Can be made ahead of time in large batches, but it's veg only so you gotta boil some chicken thighs or something in a pot next to it or cook up eggs on the side. this is a low FODMAP version.
Ratatouille:
3 to 4 tbsp olive oil
1 med eggplant (1 lb), chopped
salt and black pepper to taste
2 small zucchini (12 oz), chopped
1 large red bell pepper (8 oz), chopped
6 oz thin green beans (haricots verts)
2 1/2 cups unsalted diced tomatoes (from can, jar, etc)
3/4 tsp dried herbs (any combo of thyme, tarragon, rosemary, etc)
Red chile flakes or minced fresh red chile (optional)
1/3 cup chopped olives, such as kalamata
4 oz feta cheese, crumbled
Chopped fresh basil
In a large, wide sauté pan, heat about 1 1/2 tbsp of oil on medium high. Add eggplant, season with salt and black pepper, and cook, stirring freqently, until lightly browned (eggplant will not be soft and cooked through at this point), 7 to 10 minutes. Transfer to a large bowl. If a lot of brown bits are sticking to the pan, add about 1/4 cup water (or red wine). When it starts to simmer, scrape the bottom of the pan with a spatula to deglaze.
Heat about 1 1/2 tbsp of oil in the pan, still on medium high heat, and add the zucchini and bell pepper. Season with salt and black pepper and cook until lightly browned, 7 to 10 minutes. Add to bowl with eggplant. Deglaze pan again if you like. Add 1 to 2 tsp of oil. Add green beans and cook, stirring frequently, until lightly browned, about 3 minutes.

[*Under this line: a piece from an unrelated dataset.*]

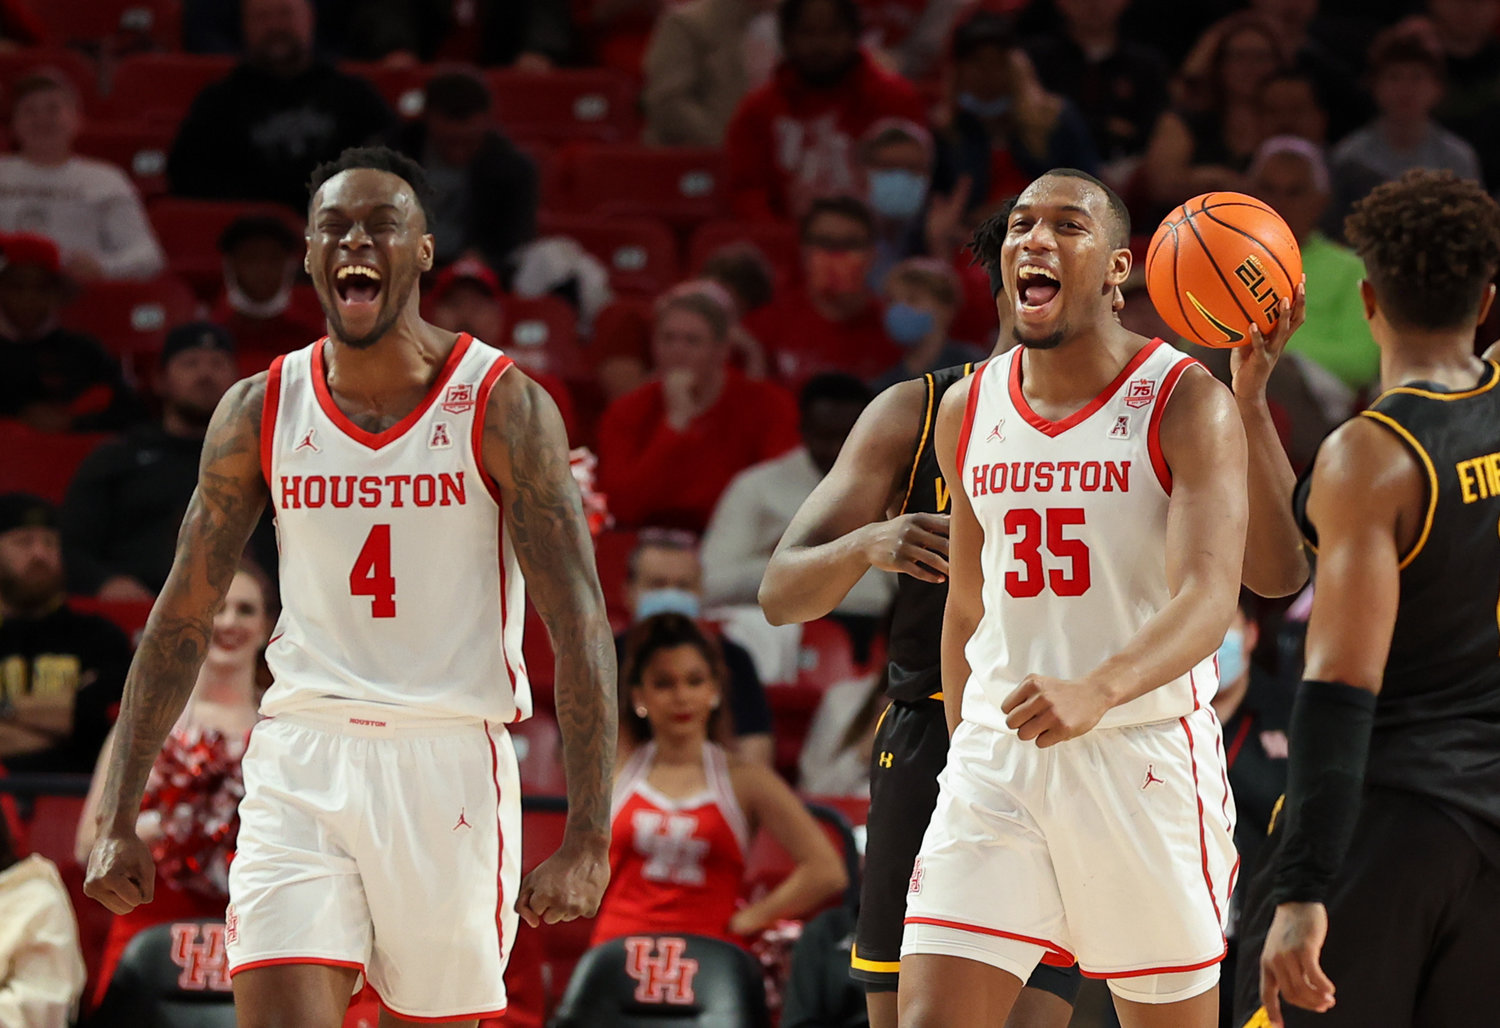 Houston Cougars guard Taze Moore (4) and forward Fabian White Jr. (35) react after blocking a shot during an NCAA men’s basketball game between Houston and Wichita State on Jan. 8, 2022 in Houston, Texas.

Add tomatoes to pan with green beans and bring to a simmer. Stir in eggplant, zucchini, bell peppers, dried herbs and chile flakes if using. Cover and simmer on medium to medium-low heat until vegetables are very tender and sauce has thickened, 25 to 30 minutes, stirring occasionally. If pan gets too dry before veggies are done add water as needed. Stir in olives. Season to taste with salt and black pepper.
Serve over polenta, pasta or quinoa. Sprinkle with feta and fresh basil.